I have run all of the stepwise regressions in the very painful/manual regression analysis in Excel and get good results for all dependent variables.

This is the code:

# Function to perform stepwise regression
perform_stepwise_regression <- function(dependent_variable, independent_variables, data) {
  cat("======================================================================\n")
  cat("Dependent Variable: ", dependent_variable, "\n")
  cat("======================================================================\n")
  
  # Fit initial model
  lm_model <- lm(as.formula(paste(dependent_variable, "~", paste(independent_variables, collapse = " + "))), data = df)
  
   while (TRUE) {
    # Check p-values
    p_values <- summary(lm_model)$coefficients[, 4]
    
    # Identify variables with the highest p-value > 0.05
    variable_to_remove <- names(p_values[p_values == max(p_values)])
    
    # Break the loop if no variable has a p-value > 0.05
    if (max(p_values) <= 0.05) {
      break
    }
    
    # Create a new formula excluding the variable
    predictors_to_include <- setdiff(names(lm_model$model)[-1], variable_to_remove)
    
    new_formula <- as.formula(paste(dependent_variable, "~", paste(predictors_to_include, collapse = " + ")))
    
    # Fit a new model
    lm_model <- lm(new_formula, data = df)
  }
  
  # Create the final formula using the single remaining independent variable
  final_formula <- as.formula(paste(dependent_variable, "~", predictors_to_include))
  
  # Fit the final model using the created formula
  final_model <- lm(final_formula, data = df)
  
 # Print the final summary in the console
  print(summary(lm_model))
}

# Example usage:
dependent_variables <- c("DepVar1", "DepVar2", "DepVar3", "DepVar4", "DepVar5")
independent_variables <- c("IndVar1", "IndVar2", "IndVar3", "IndVar4", "IndVar5", "IndVar6")

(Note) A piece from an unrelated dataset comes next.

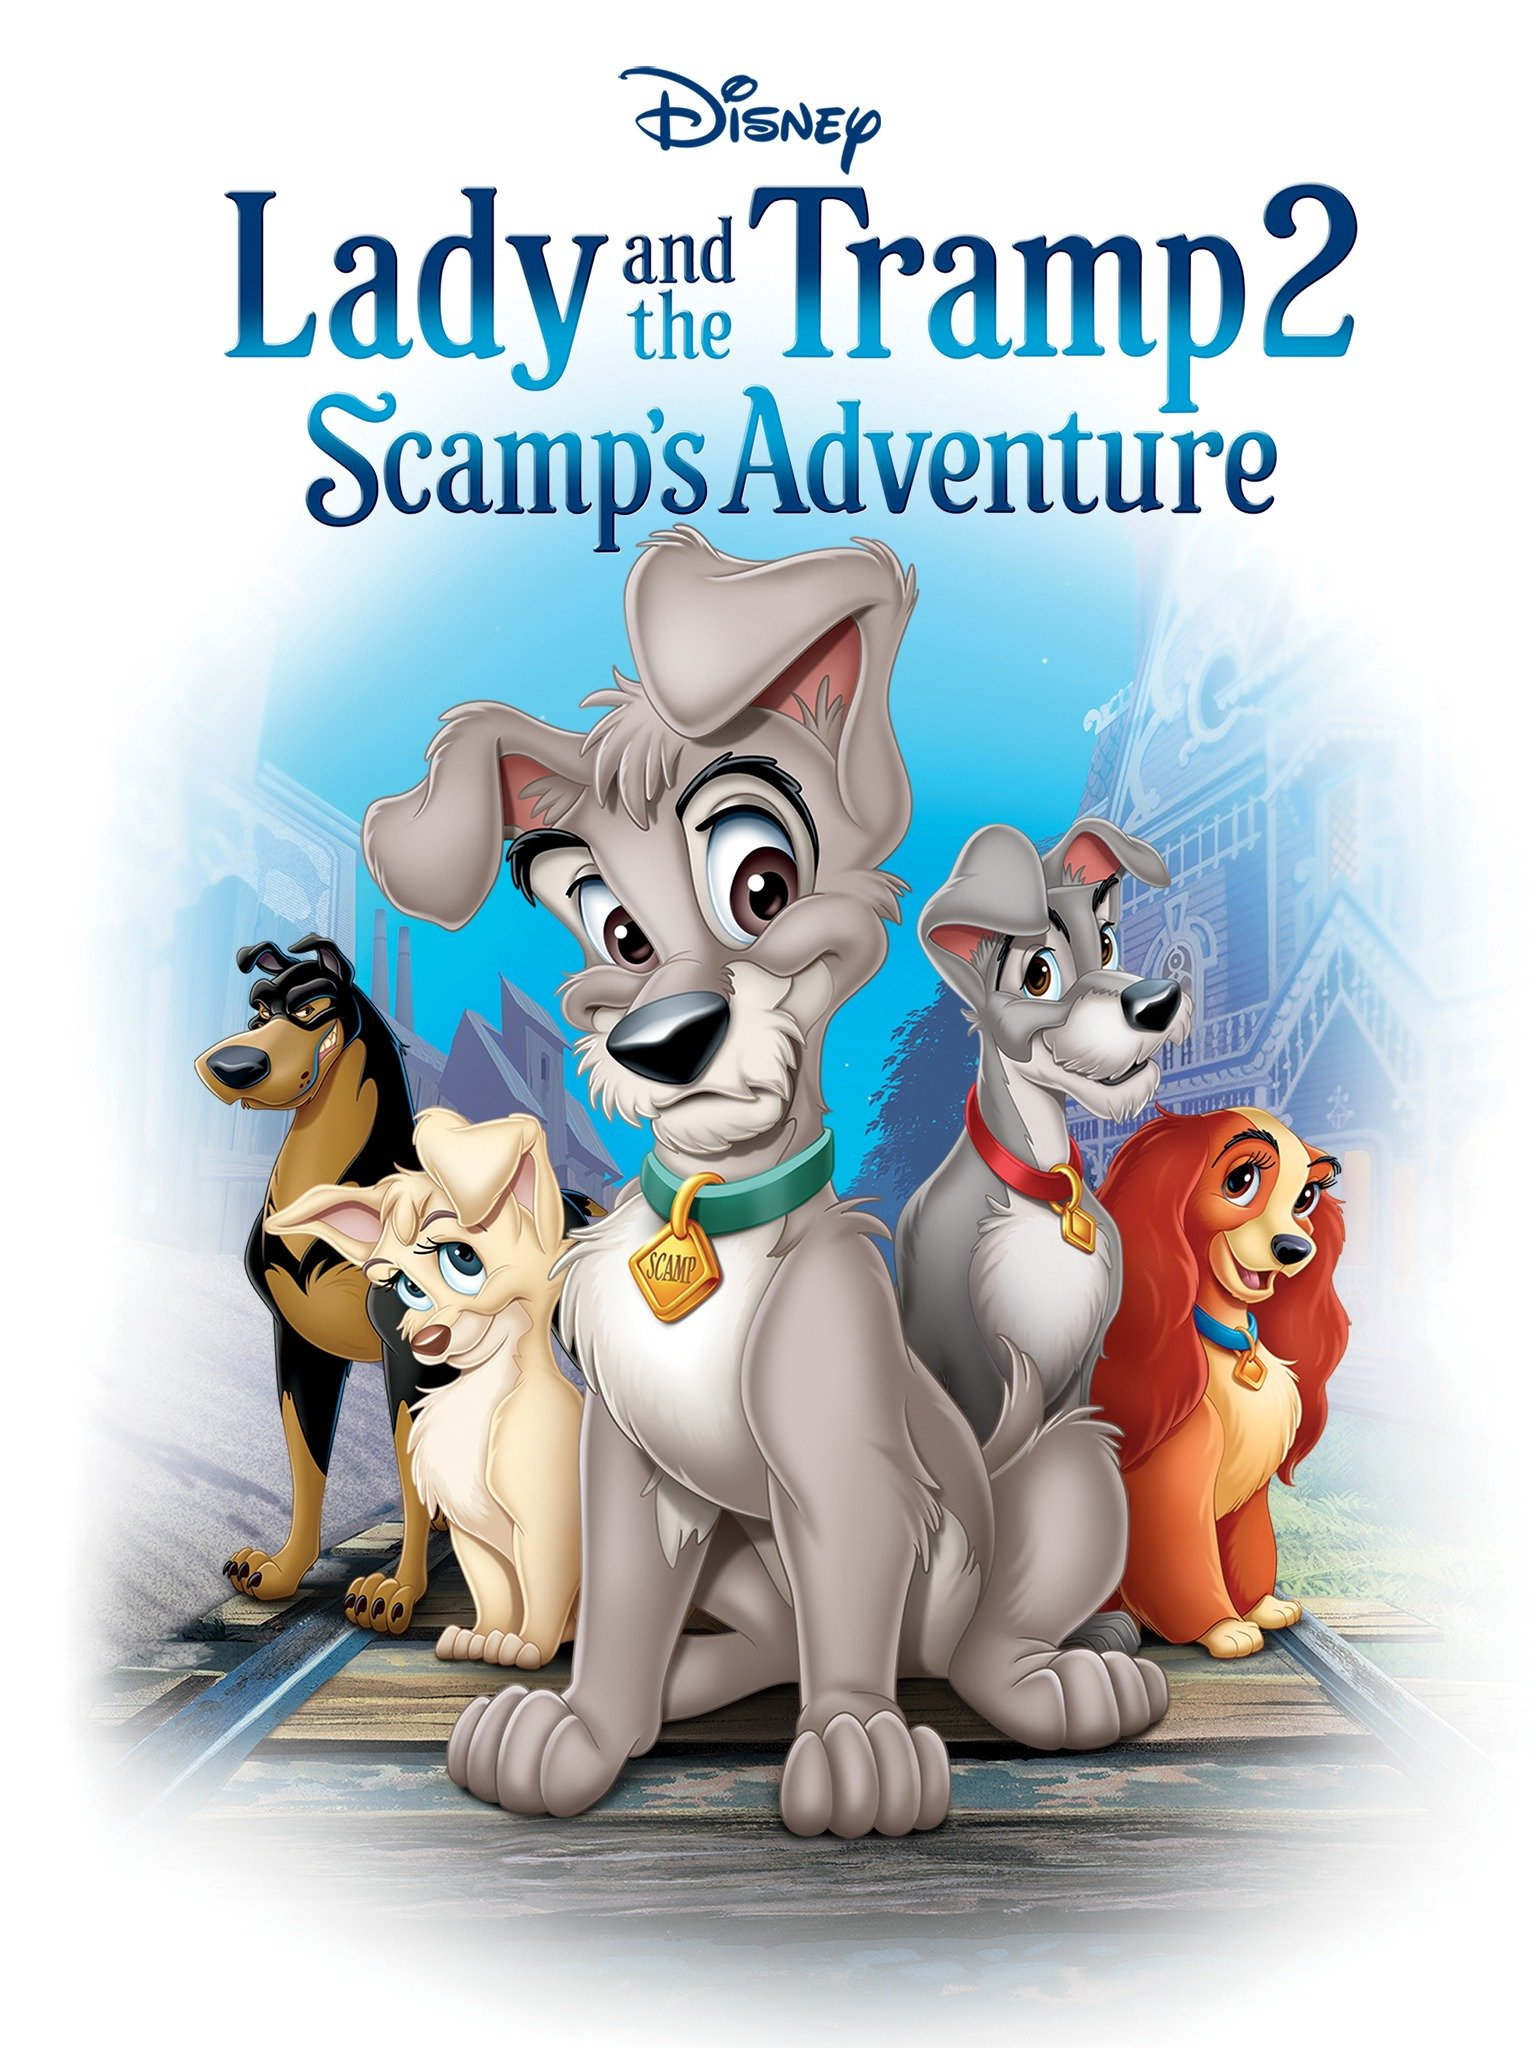 Lady and the Tramp II : ทรามวัยกับไอ้ตูบ 2

for (dependent_variable in dependent_variables) {
  perform_stepwise_regression(dependent_variable, independent_variables, df)
}

Google Gemini is worthless here, and ChatGPT is playing me. I need human intervention. Does anyone know what might be going on?


Solution

  • For the regression of DepVar2, the least significant term in the initial model is the intercept. When you create the new formula, you are then trying to remove "(Intercept)" from a vector that does not include "(Intercept)", which just returns the same vector. Therefore, the next iteration uses the exact same independent variables, and you are stuck in an infinite loop. It works fine for DepVar1 because the intercept is significant.

    You could fix this by dropping the intercept from p_values, e.g., using p_values[!(names(p_values)=='(Intercept)')]. I'm assuming you want to keep the intercept in the model even if it's not significant.